Figure 4. Frequency dependence of LTCC-driven Ca2+ signals.
For 12–14 DIV neurons expressing RGECO1 and D1ER, simultaneous imaging of [Ca2+]cyto and [Ca2+]ER was carried out for three different frequencies of glutamate uncaging: 1 Hz, 0.333 Hz and 0.167 Hz. Black hash marks at top of each time course indicate period of glutamate uncaging. Bath contained 1 μM glycine, 3 mM CaCl2 and 0 Mg2+; MNI-glutamate = 2 mM. Measurement of the time course of change in [Ca2+] was carried out in the dendritic spine or adjoining shaft. Throughout, mean ± SEM.

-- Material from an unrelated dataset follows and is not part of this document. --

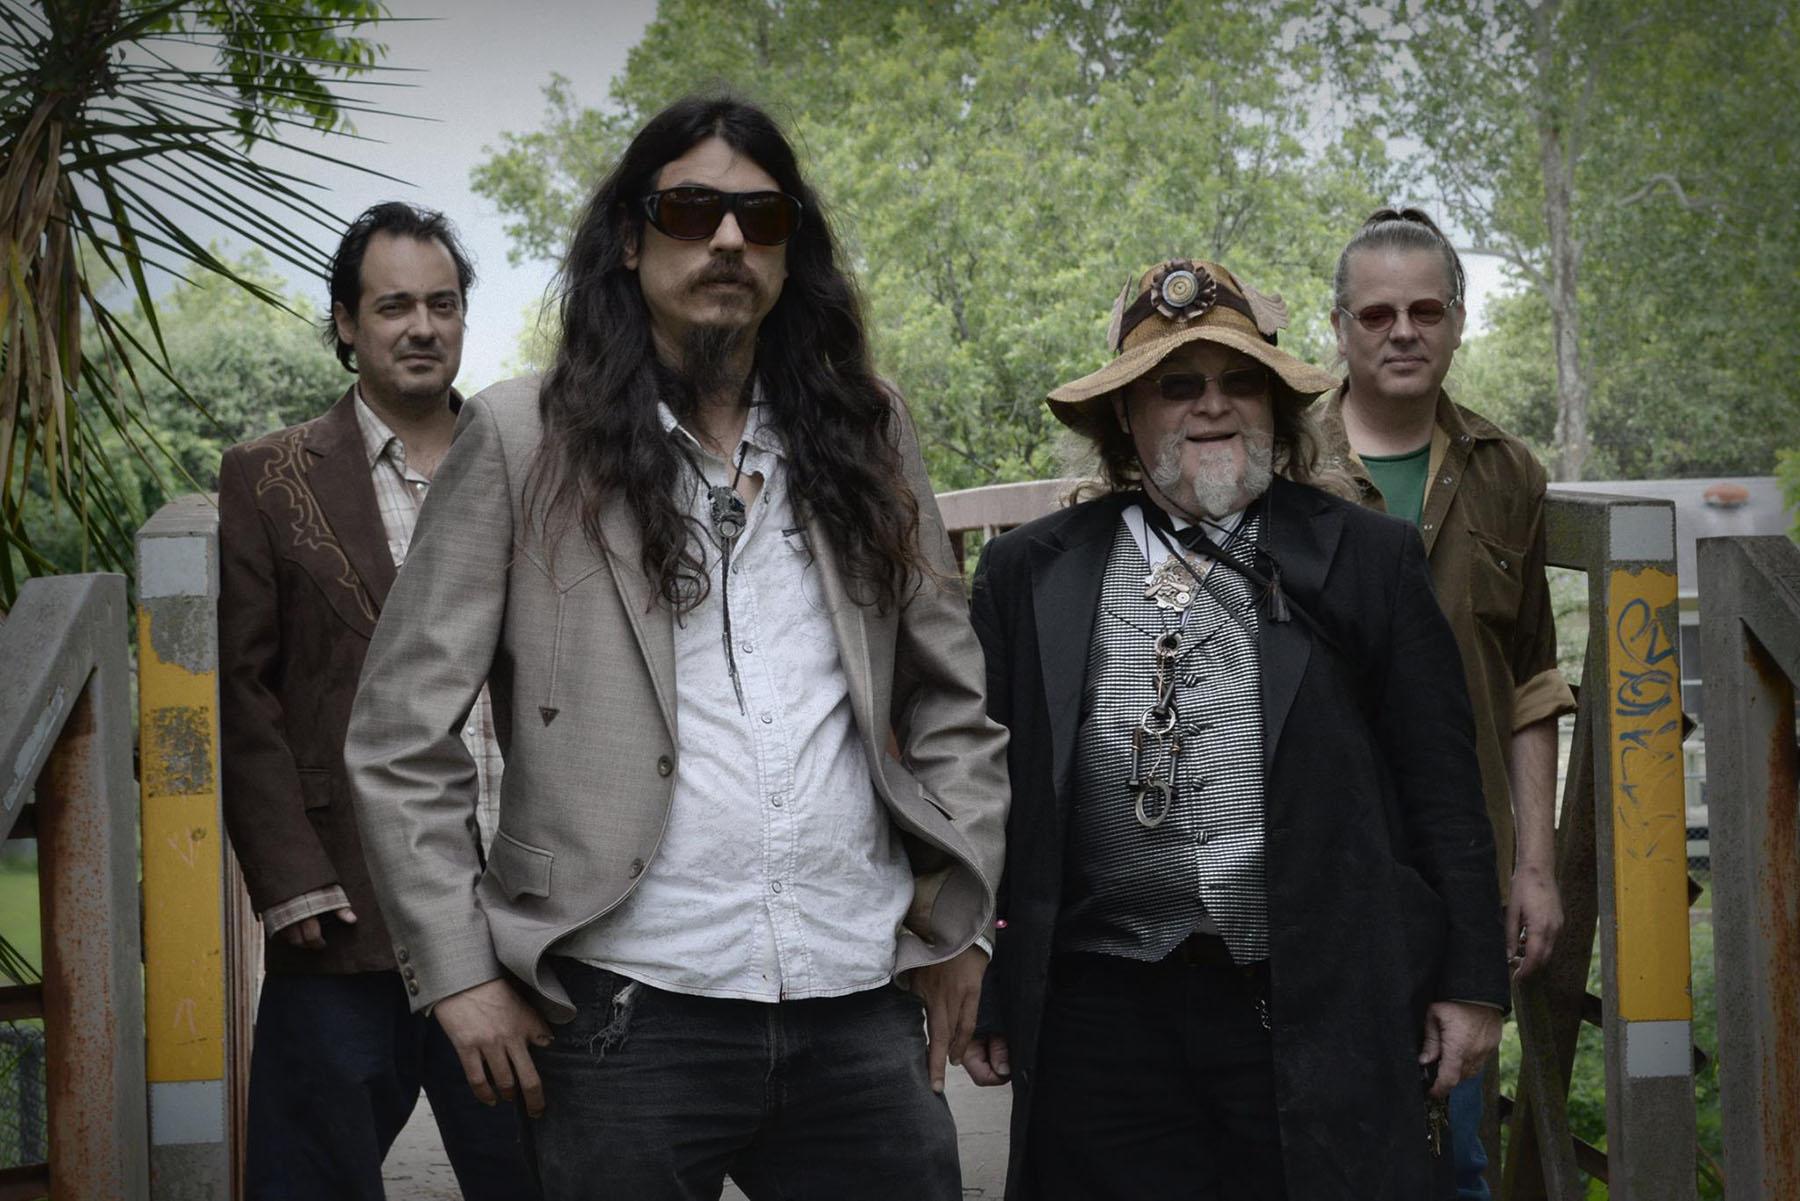 Choctaw Wildfire Band - Austin, TX.
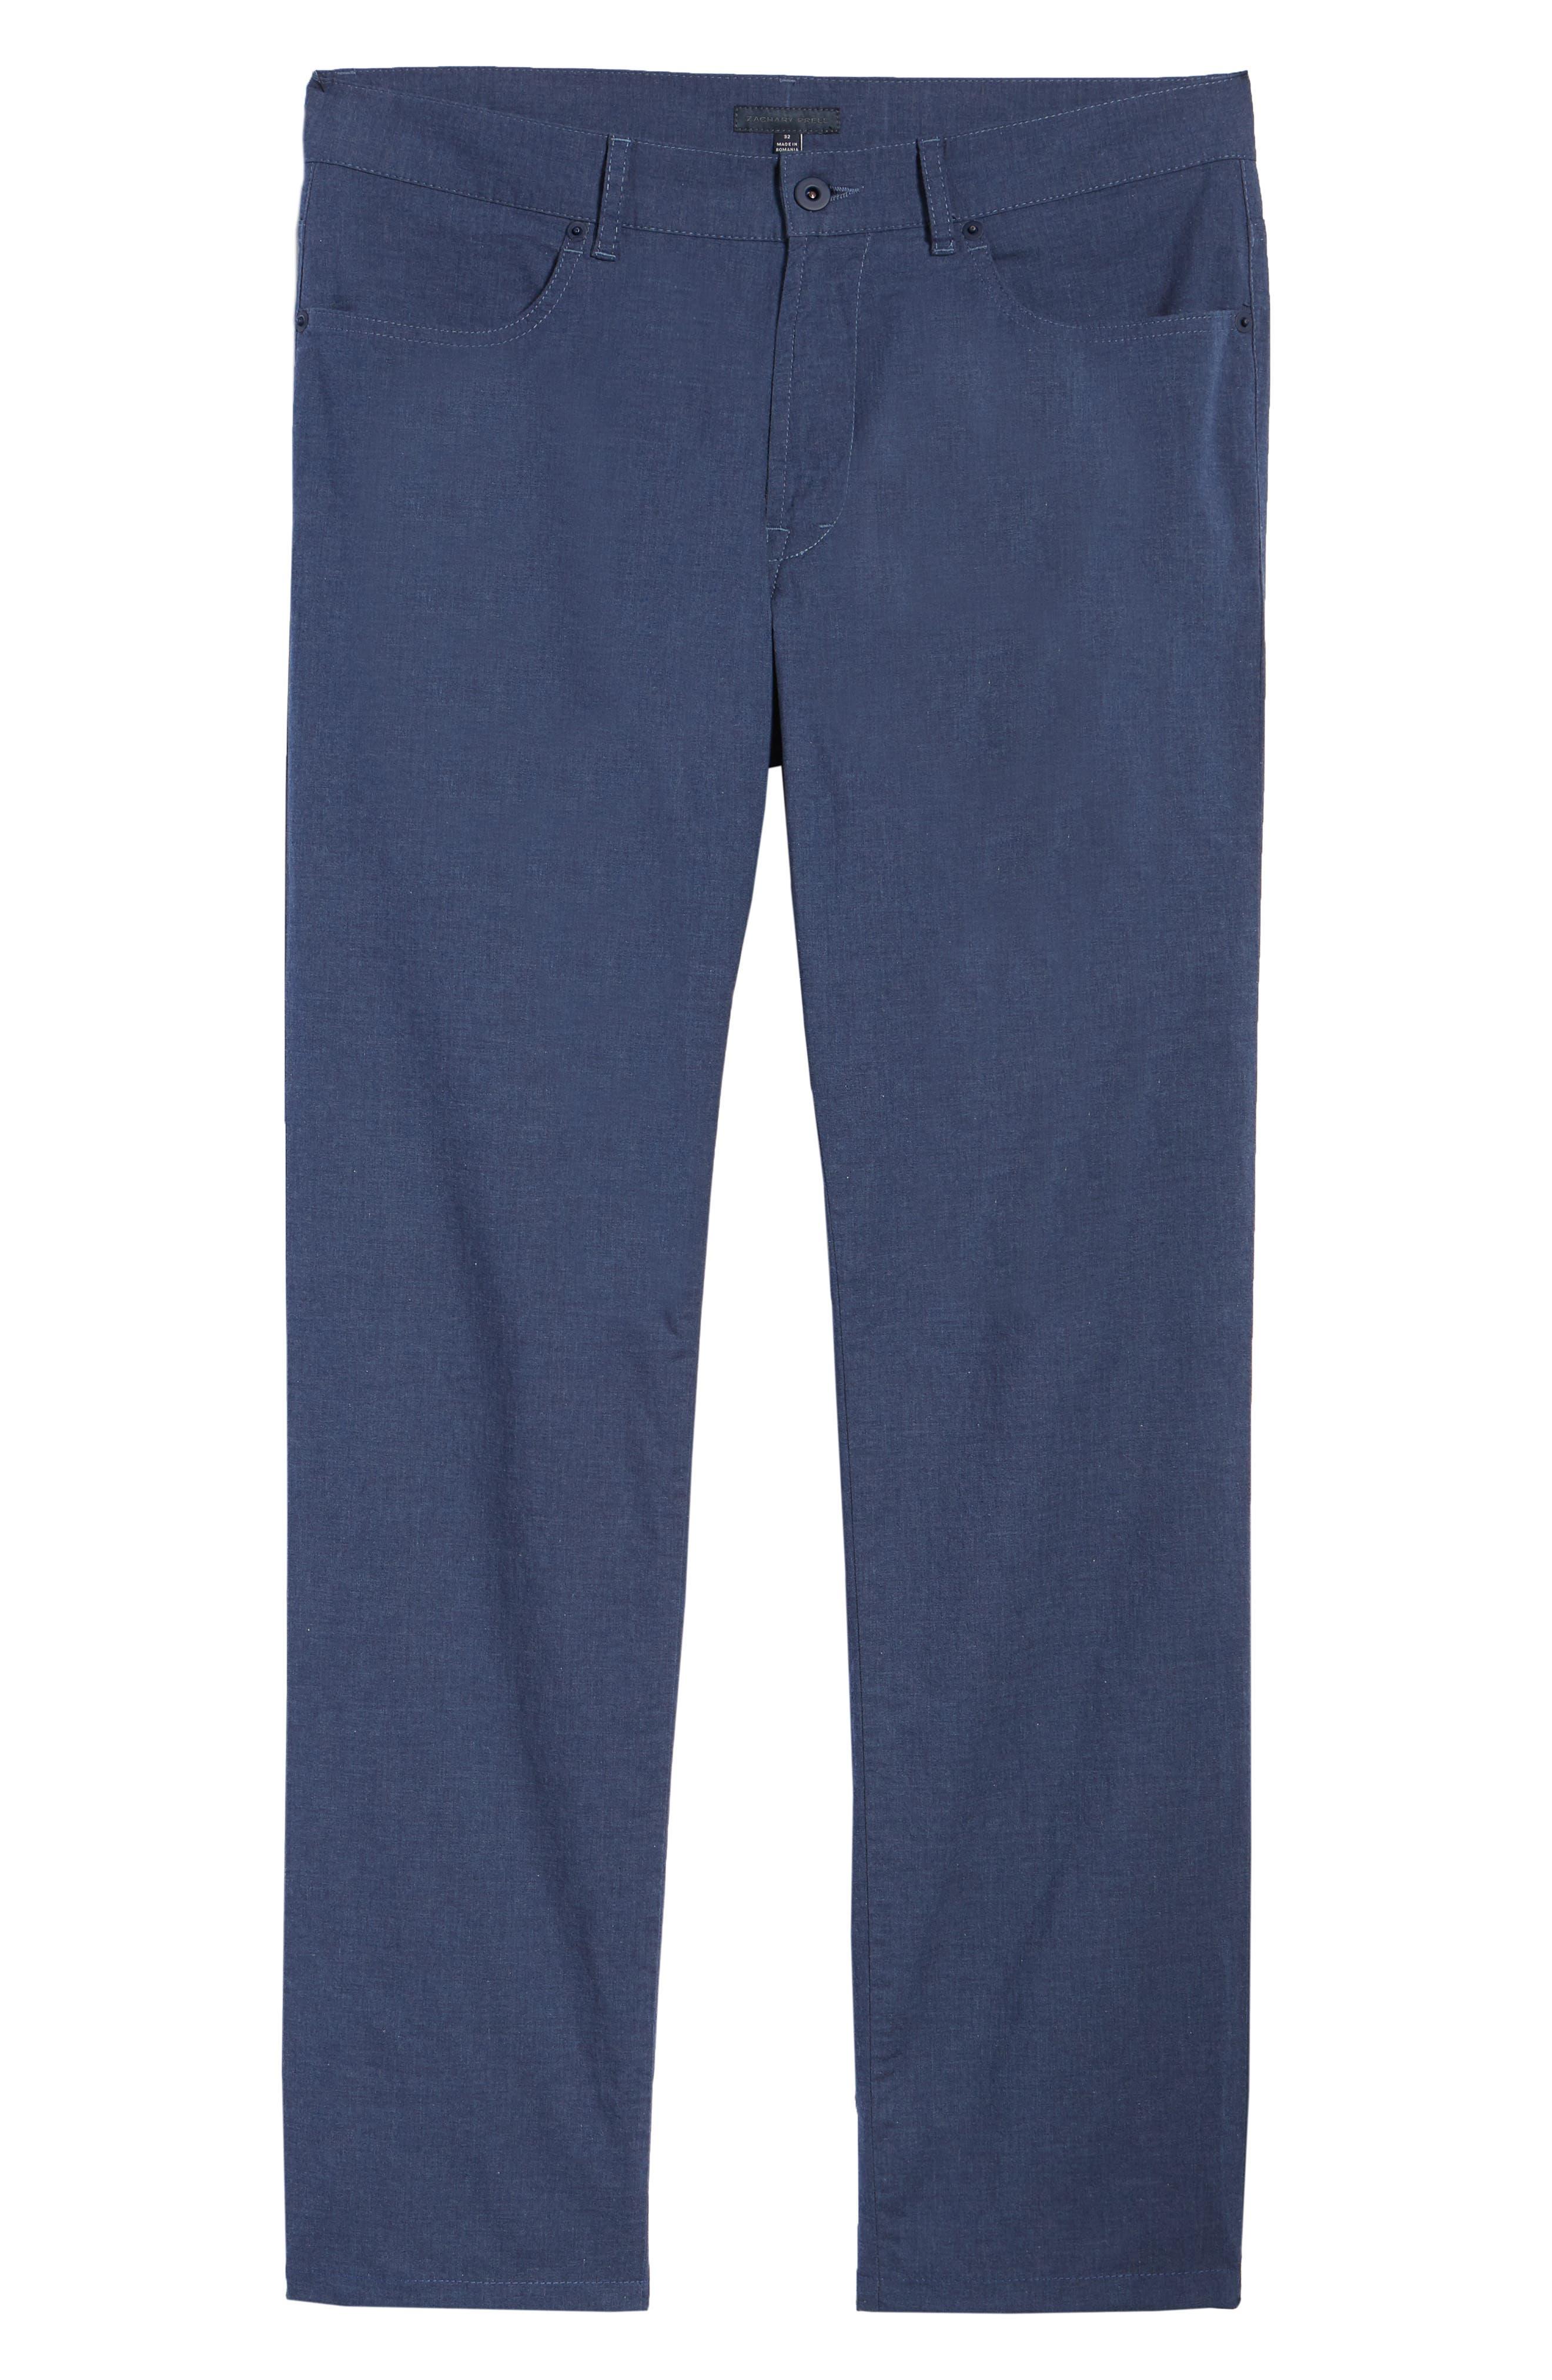 McKinney Regular Fit Straight Leg Pants,                             Alternate thumbnail 6, color,                             Blue

(A) Left, black and white images of RGECO1 in a dendritic shaft with spines, collected before, during and after 1 Hz uncaging. Right, in spines or adjoining shafts, average time course of RGECO1 responses (ΔF/F0) to uncaging in the absence (black) or presence of 5 μM nimodipine (red). Yellow area between the red and black time courses represents the nimodipine-sensitive component of the [Ca2+]cyto response to uncaging. No response detected in the absence of MNI-glutamate (gray).
(B) Left, pseudo color-coded FRET image of the same neuron as in A, for D1ER imaging of [Ca2+]ER. Right, average time course of [Ca2+]ER depletion from the dendritic spine and adjoining shaft, normalized to initial D1ER signal (R/R0), in the absence (black) or presence of nimodipine (red). Yellow area between the black and red time courses represents the nimodipine-sensitive component of Ca2+ release from the ER. No ER depletion detected in the absence of MNI-glutamate (gray).
(C–F) Reducing uncaging frequency reduced the size of LTCC-dependent components of [Ca2+]cyto and [Ca2+]ER responses. Figure S5 presents images of dendritic spines studied using 0.333 Hz and 0.167 Hz uncaging. See also Figure S6.
(G) Frequency dependence of the LTCC-dependent component of [Ca2+]cyto and [Ca2+]ER responses. To preserve fixed total stimulation, varying only frequency of stimulation, the R/R0 signals were integrated over the first 10 uncaging flashes, with the flashes presented at 0.167, 0.333 or 1 Hz (integration periods of 60, 30 or 10s).
(H) For single spines (at 0 μm) stimulated by 1 Hz uncaging for 60 s: extent along the adjacent dendritic shaft of total (black) and nimodipine-insensitive (red) time-integrated RGECO1 Ca2+ signals (reflecting [Ca2+]cyto)
(I) Subtraction of nimodipine-insensitive signal (red) from total (black) in H, converted to percent inhibition of the nimodipine-sensitive component (reflecting region of LTCC inhibition), is plotted as a function of distance along the dendritic shaft from the stimulated spine.